Aim of the exercise
The material below contains a line with "Mural showing support" and a line with "Limpet común /". Copy exactly those two lines and all lines between them.

Records for processing
• • • • •

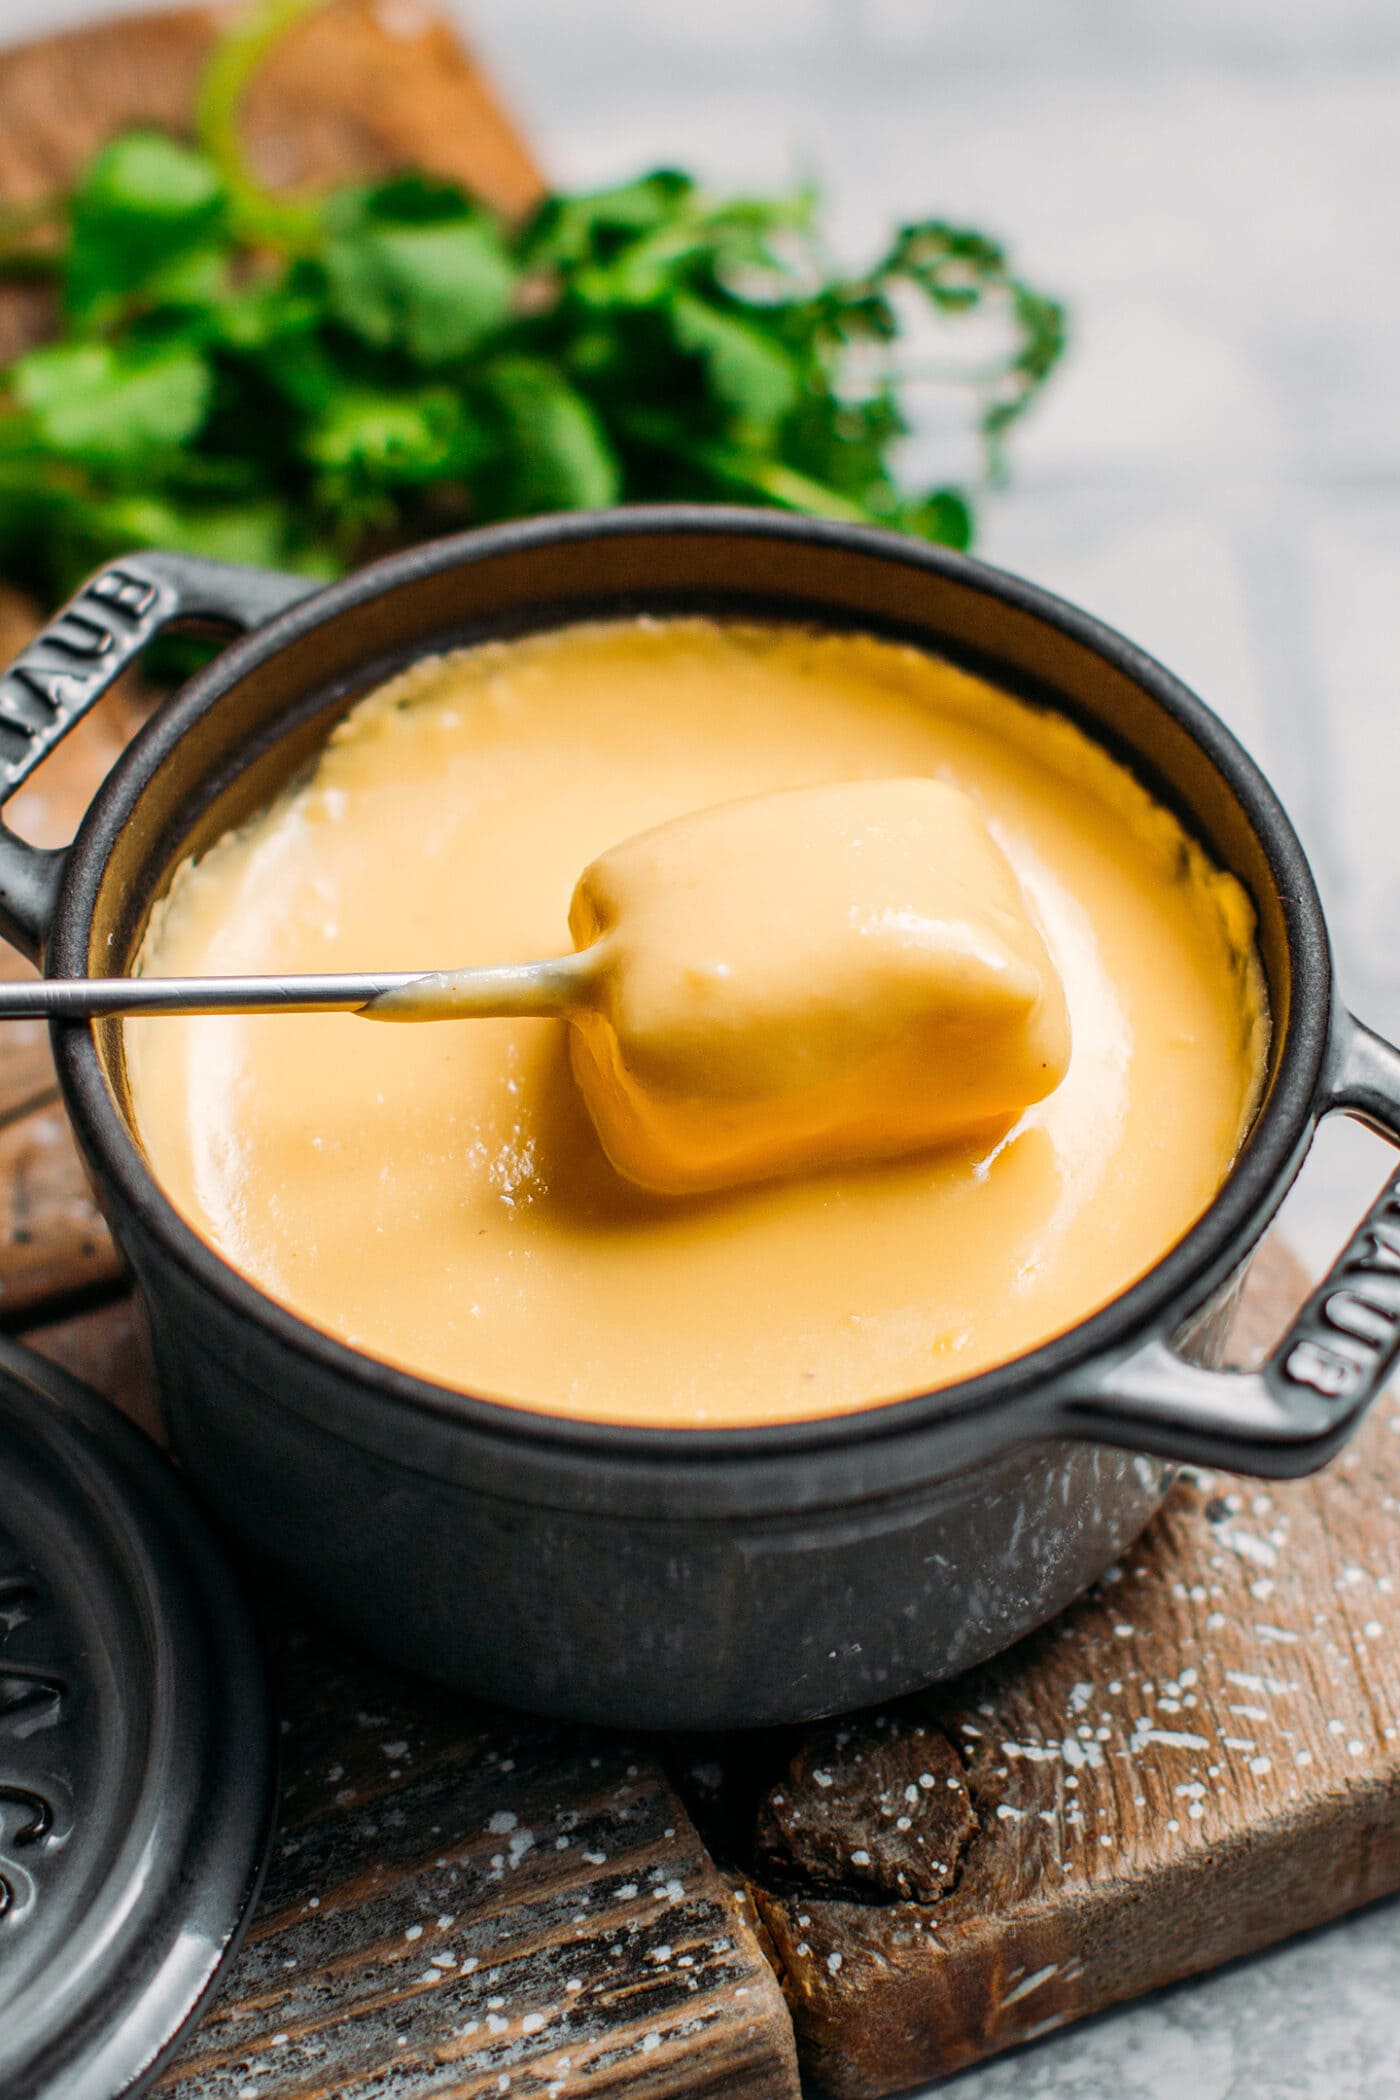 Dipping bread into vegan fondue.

• • • • •

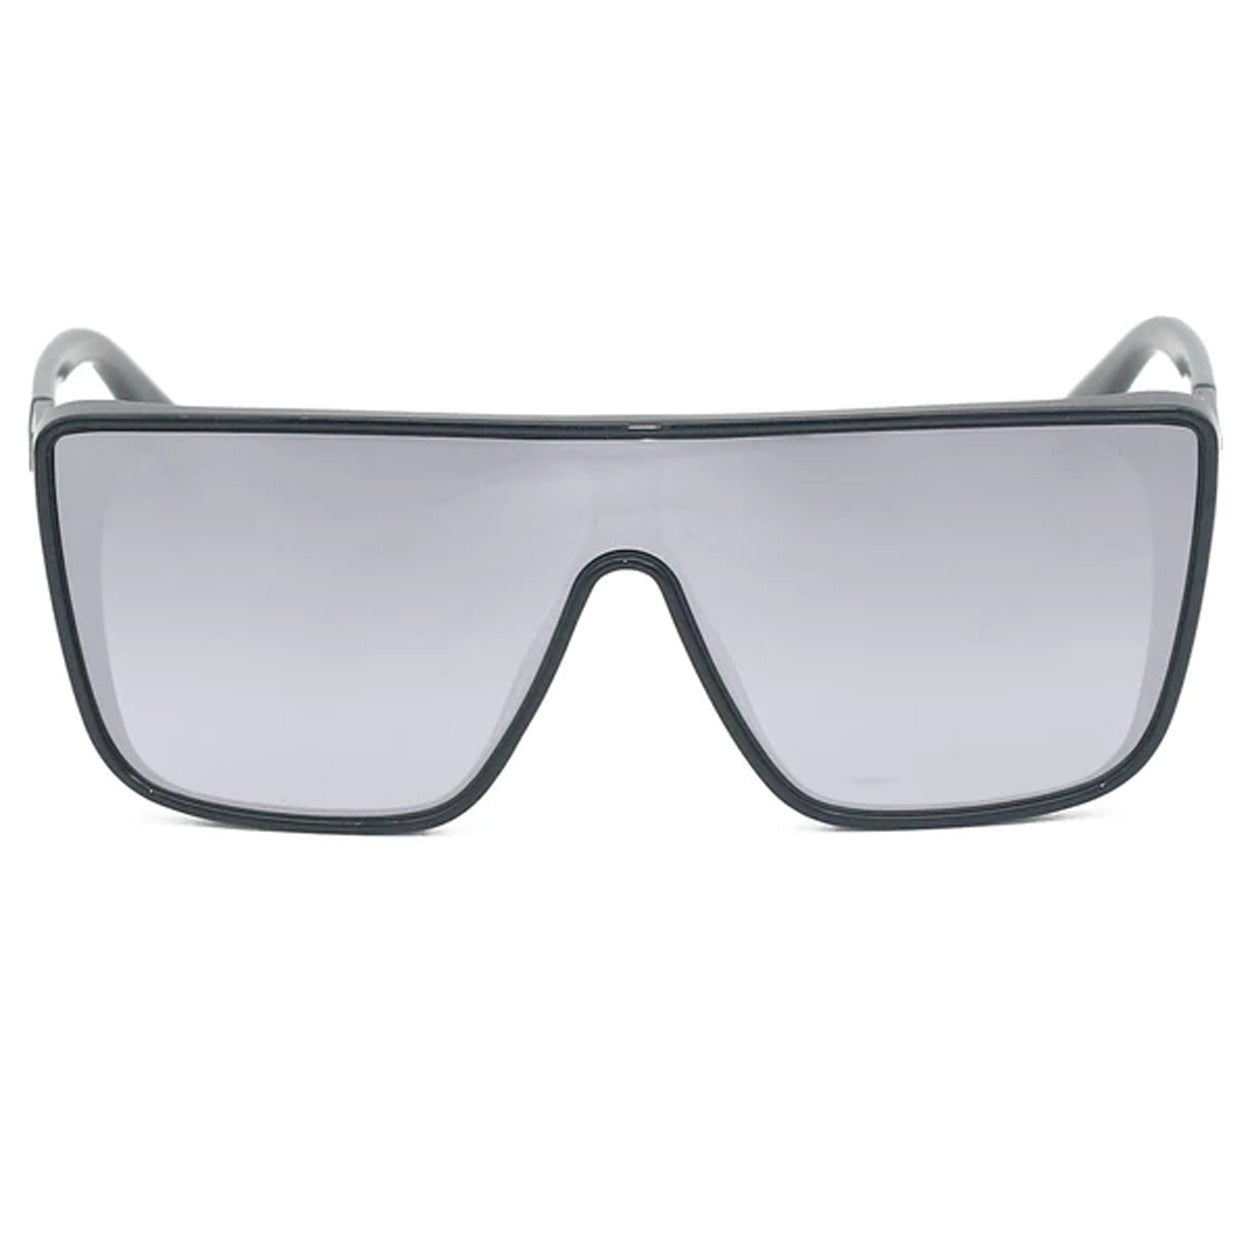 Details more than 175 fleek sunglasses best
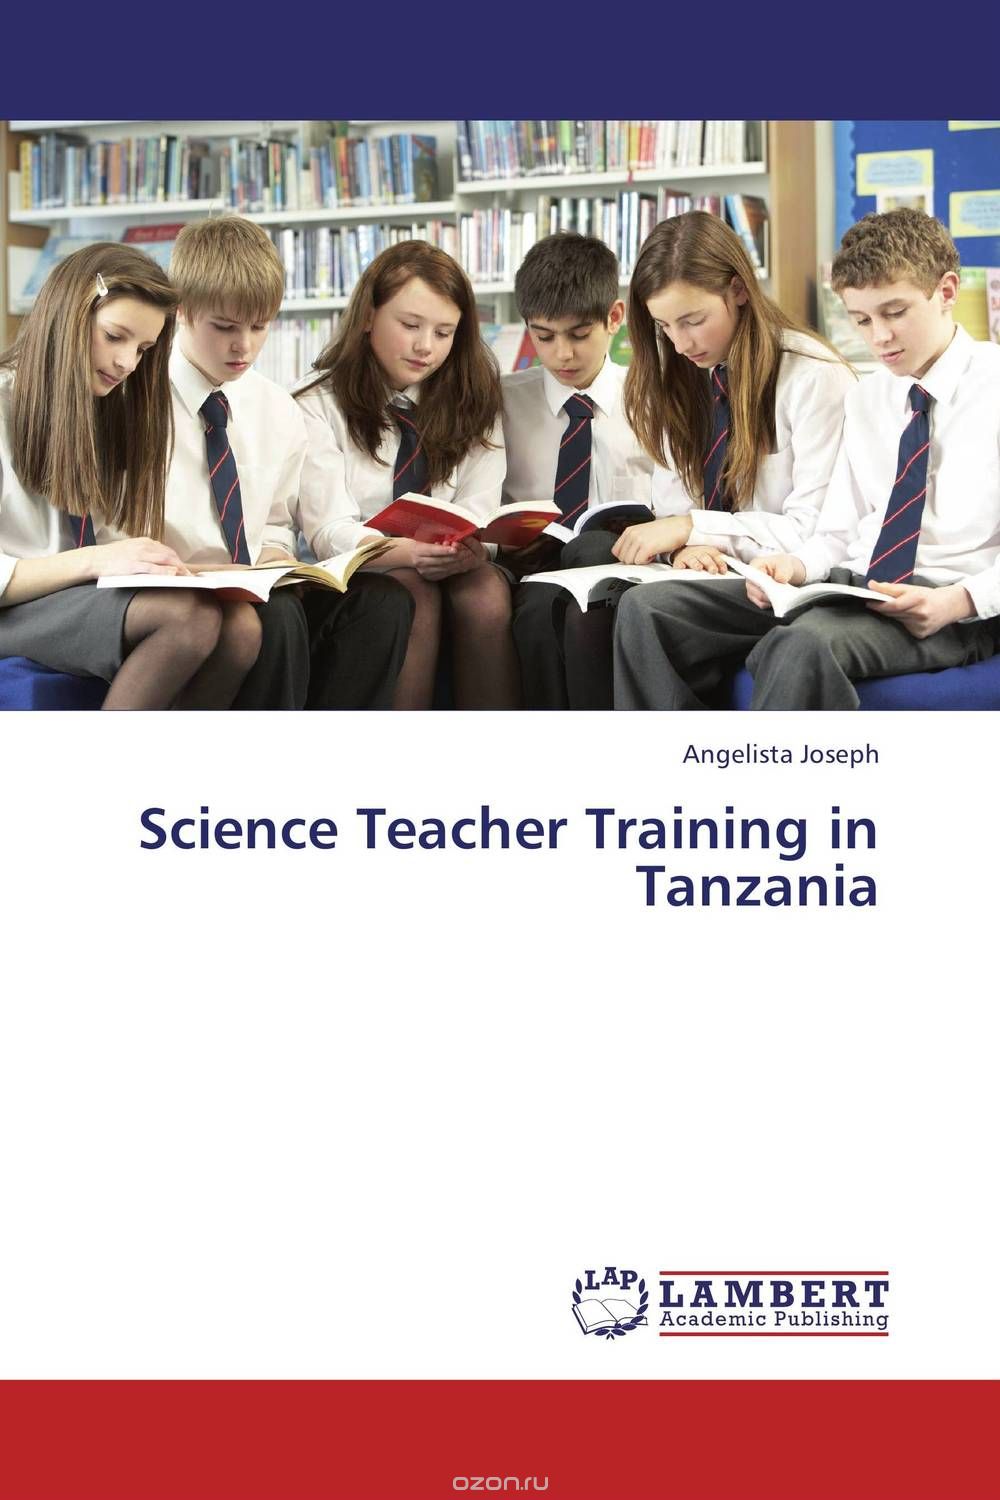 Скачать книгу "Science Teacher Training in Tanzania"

• • • • •

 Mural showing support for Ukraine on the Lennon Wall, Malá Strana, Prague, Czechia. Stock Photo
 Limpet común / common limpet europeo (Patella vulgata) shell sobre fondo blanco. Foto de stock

• • • • •

Response
 Mural showing support for Ukraine on the Lennon Wall, Malá Strana, Prague, Czechia. Stock Photo
 Limpet común / common limpet europeo (Patella vulgata) shell sobre fondo blanco. Foto de stock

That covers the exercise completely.